→ Available data:

^^^^

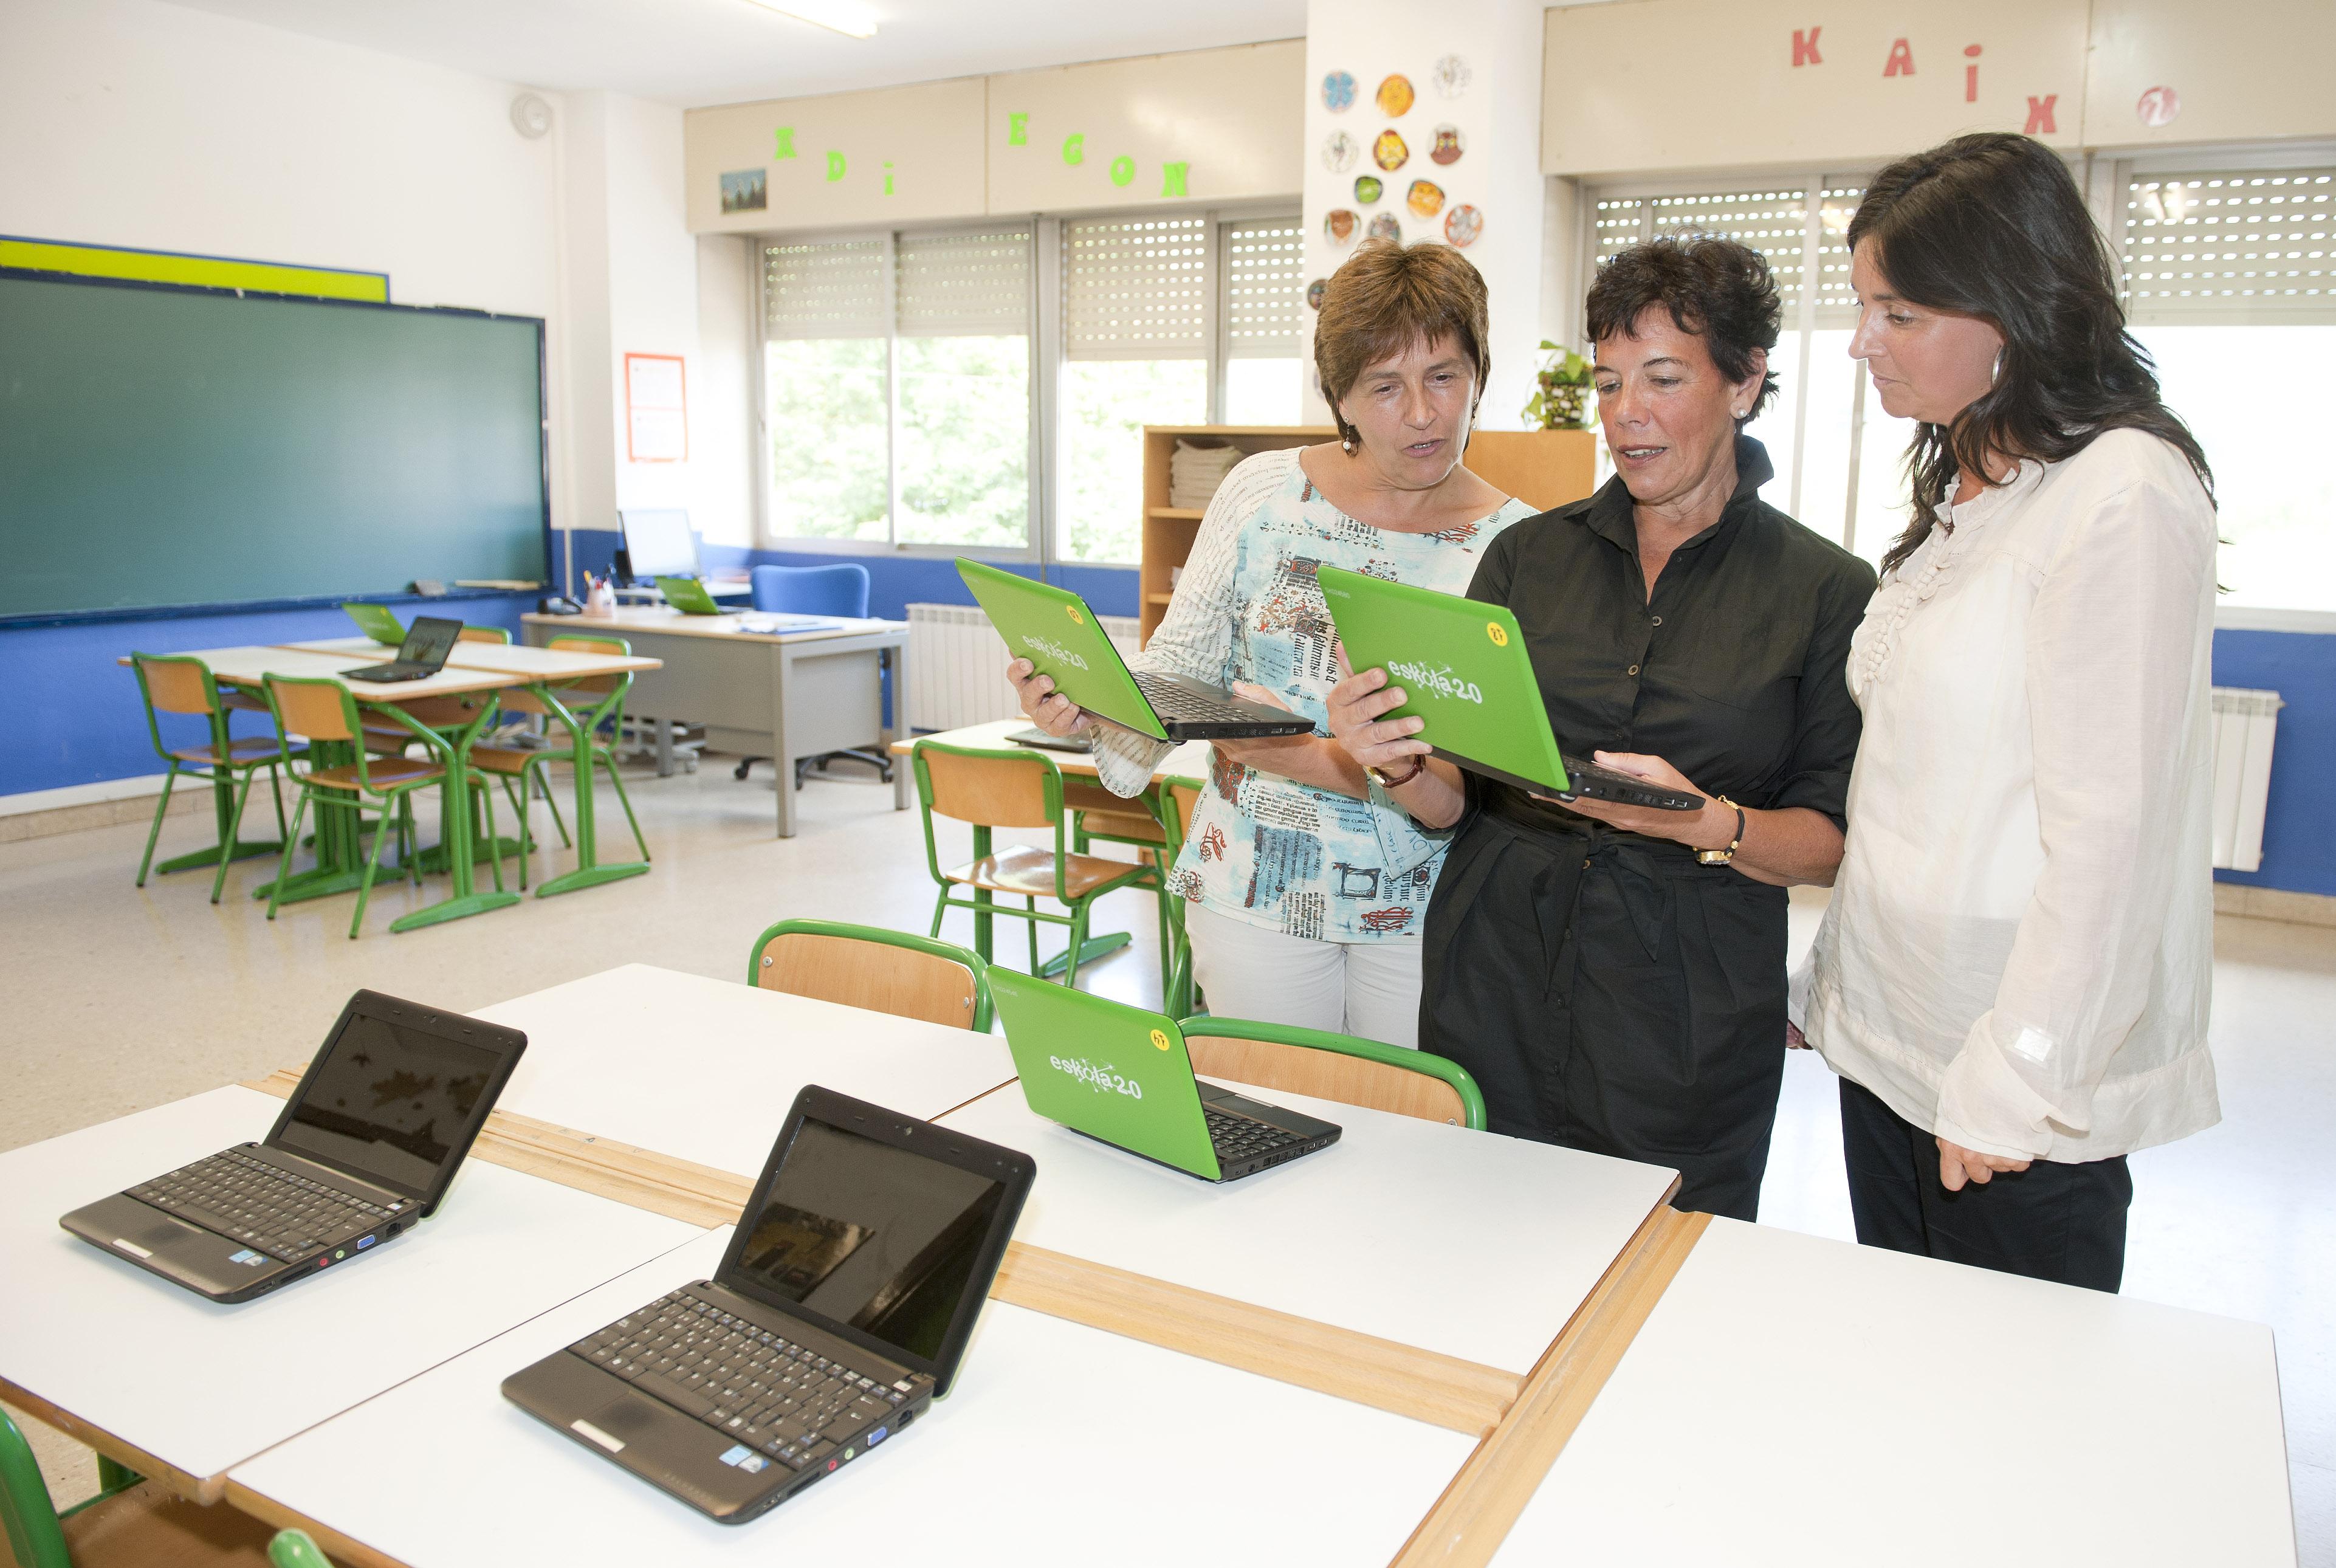 2011_09_02_educacion_nuevo_curso_san_martin_aula_ordenadores.jpg
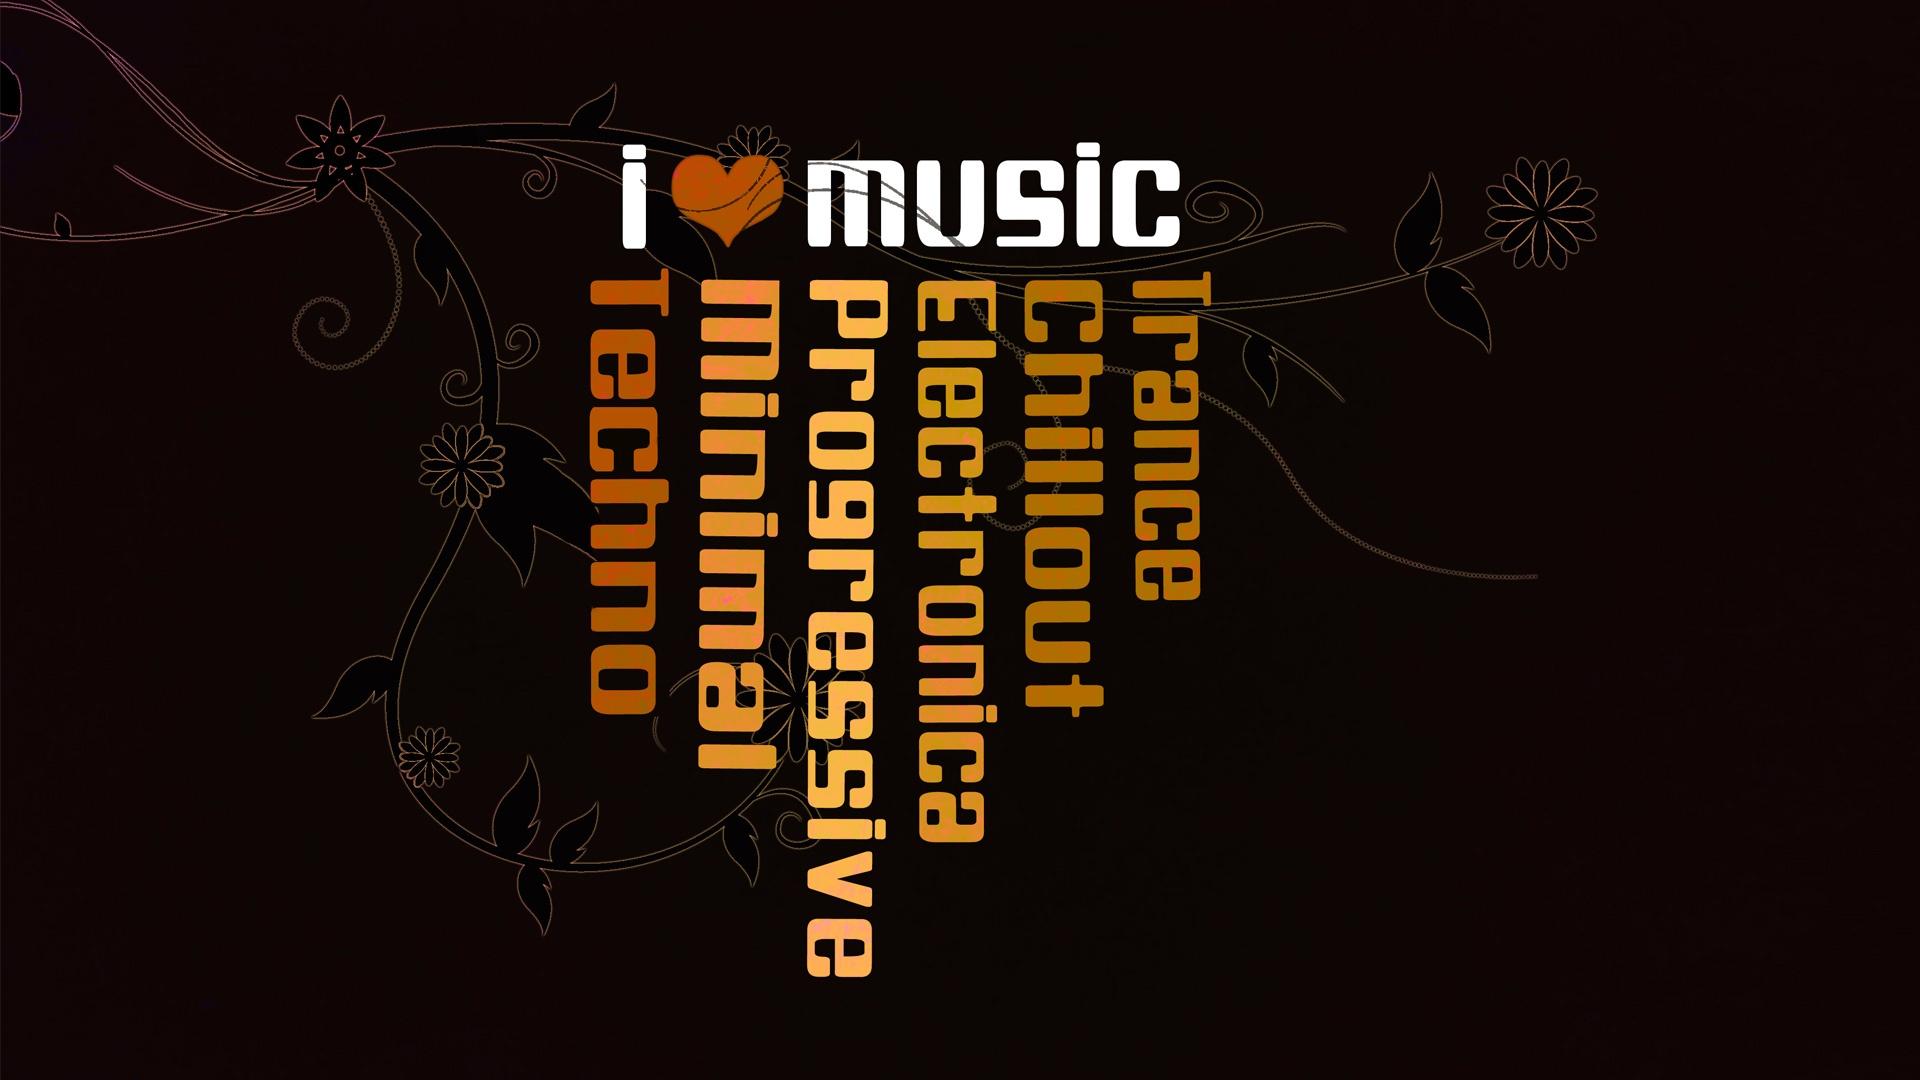 music wallpaper love
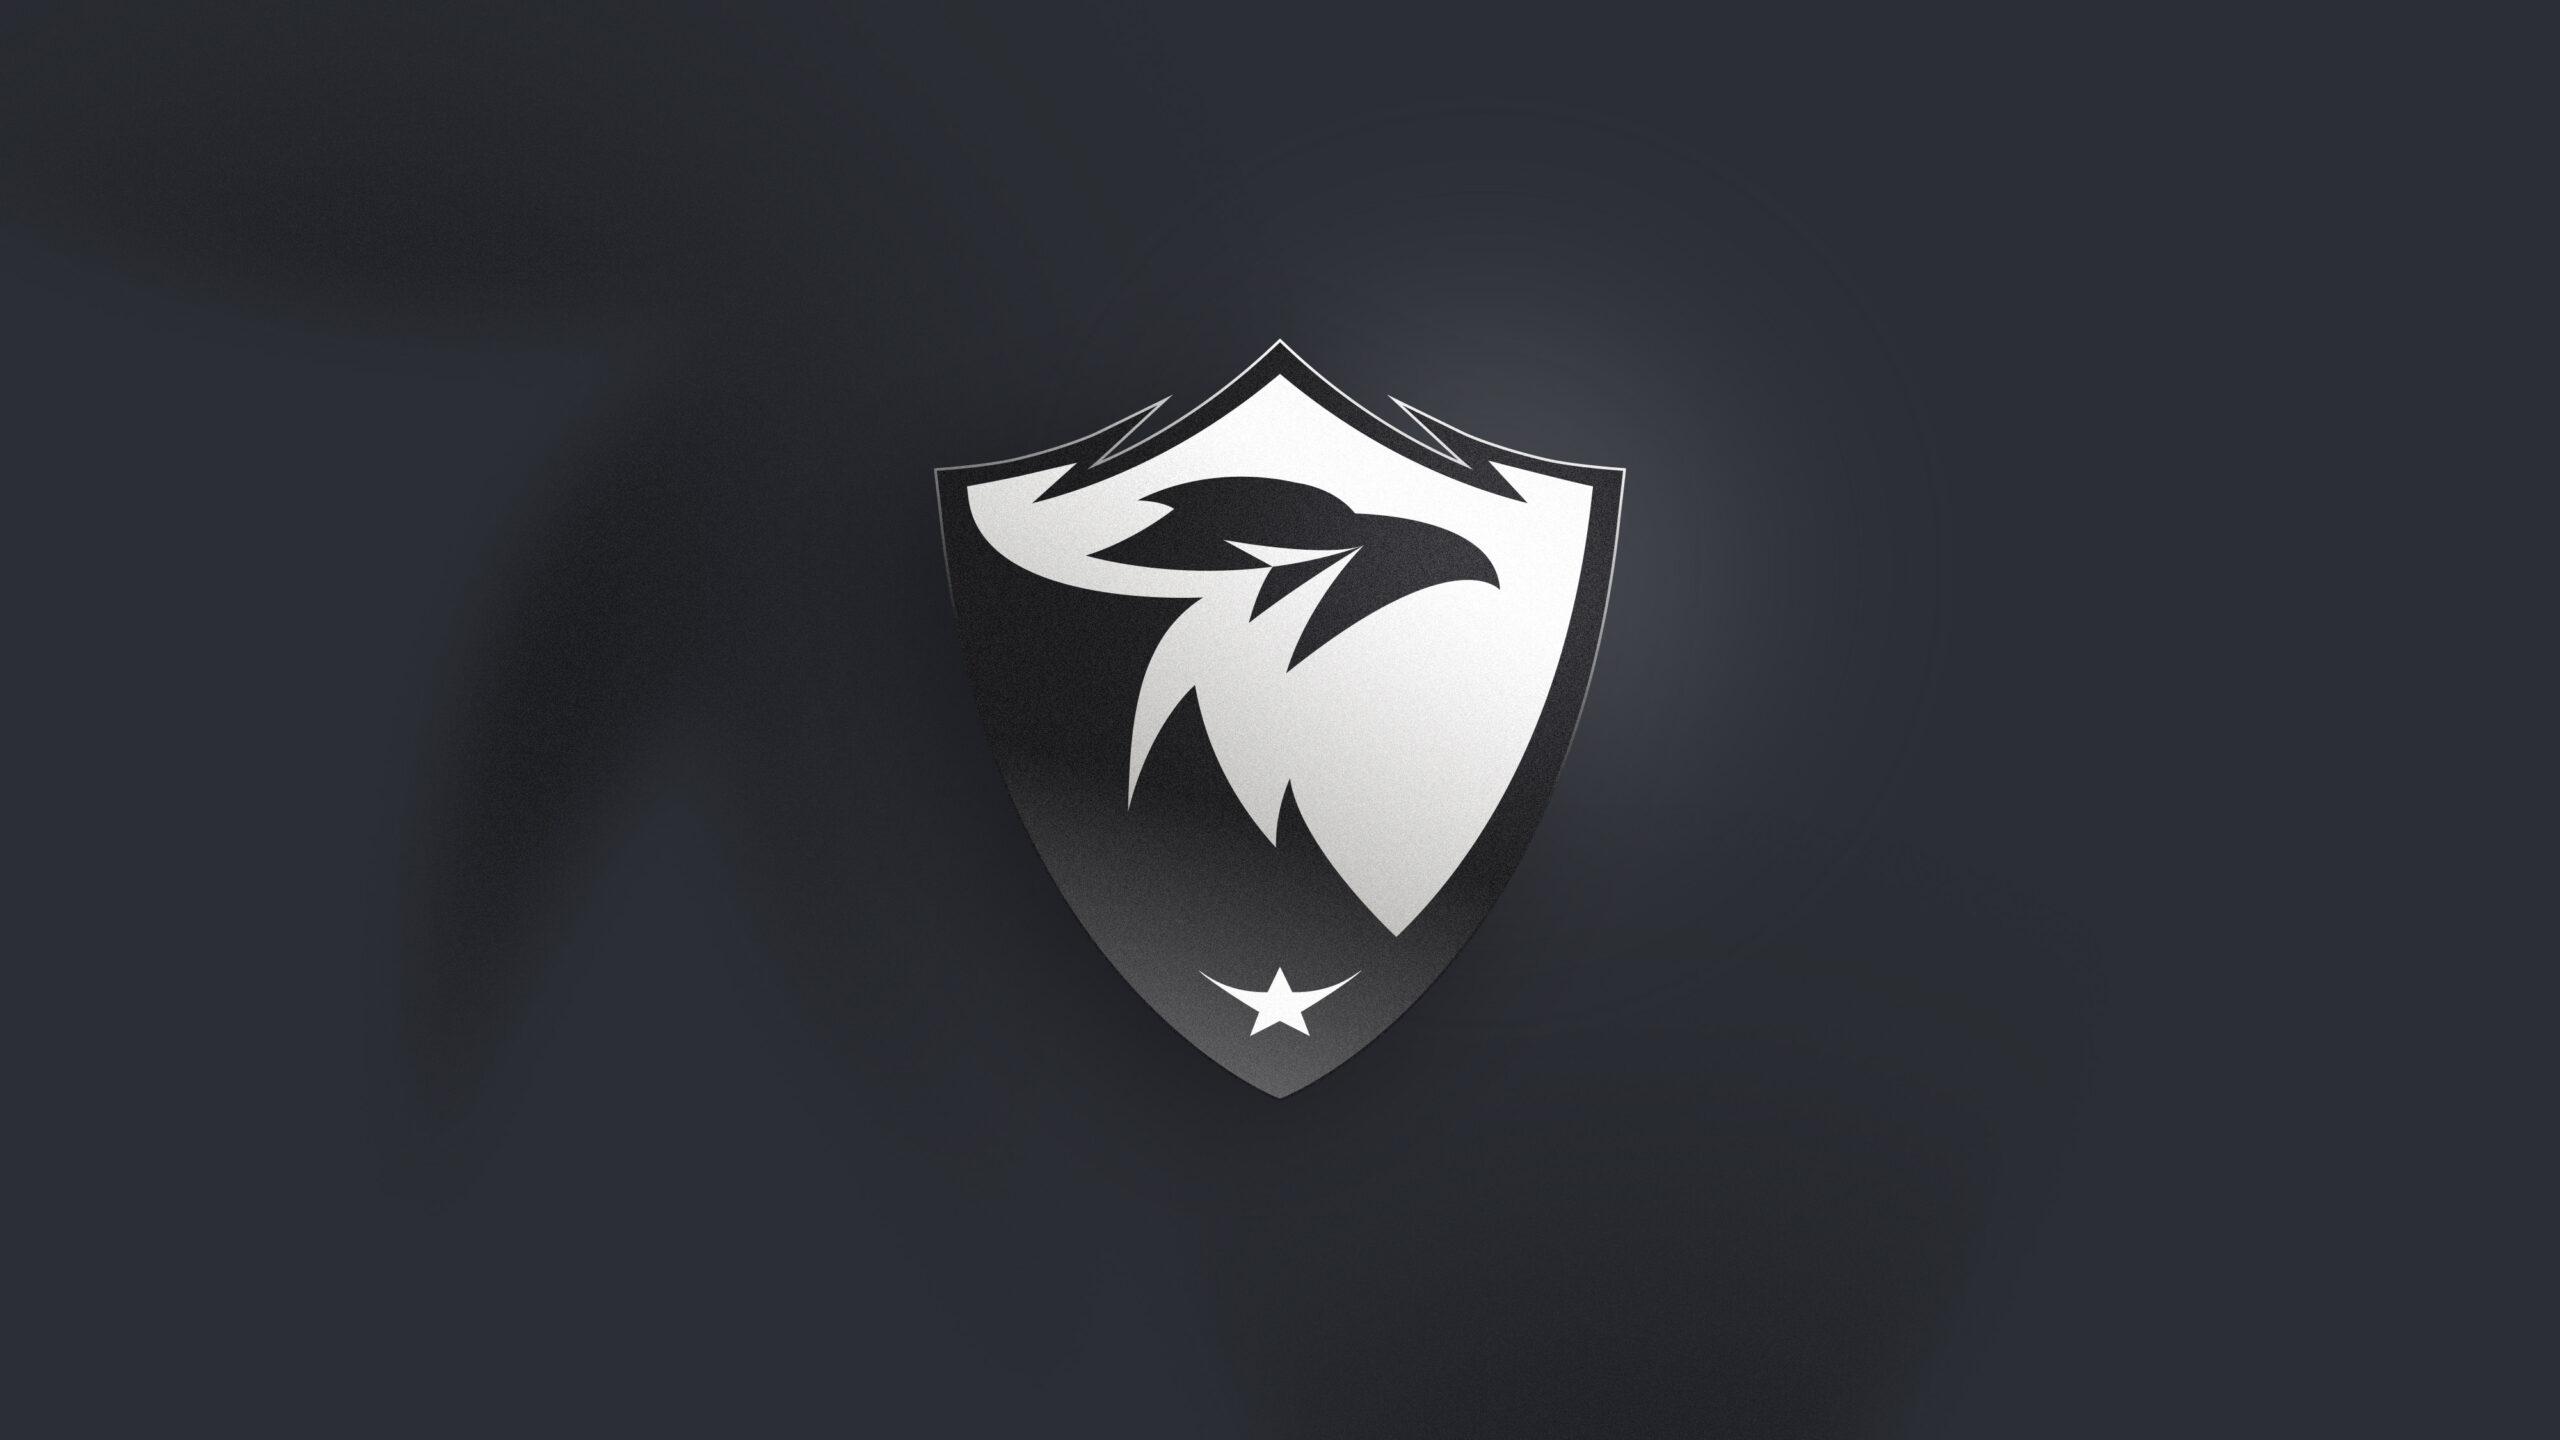 Nacione-Branding-Eagle-Sports-Analytics

^^^^

→ Task details:
The listing above must be printed again exactly, minus its pictures.

→ Response area:
 2011_09_02_educacion_nuevo_curso_san_martin_aula_ordenadores.jpg
 music wallpaper love
 Nacione-Branding-Eagle-Sports-Analytics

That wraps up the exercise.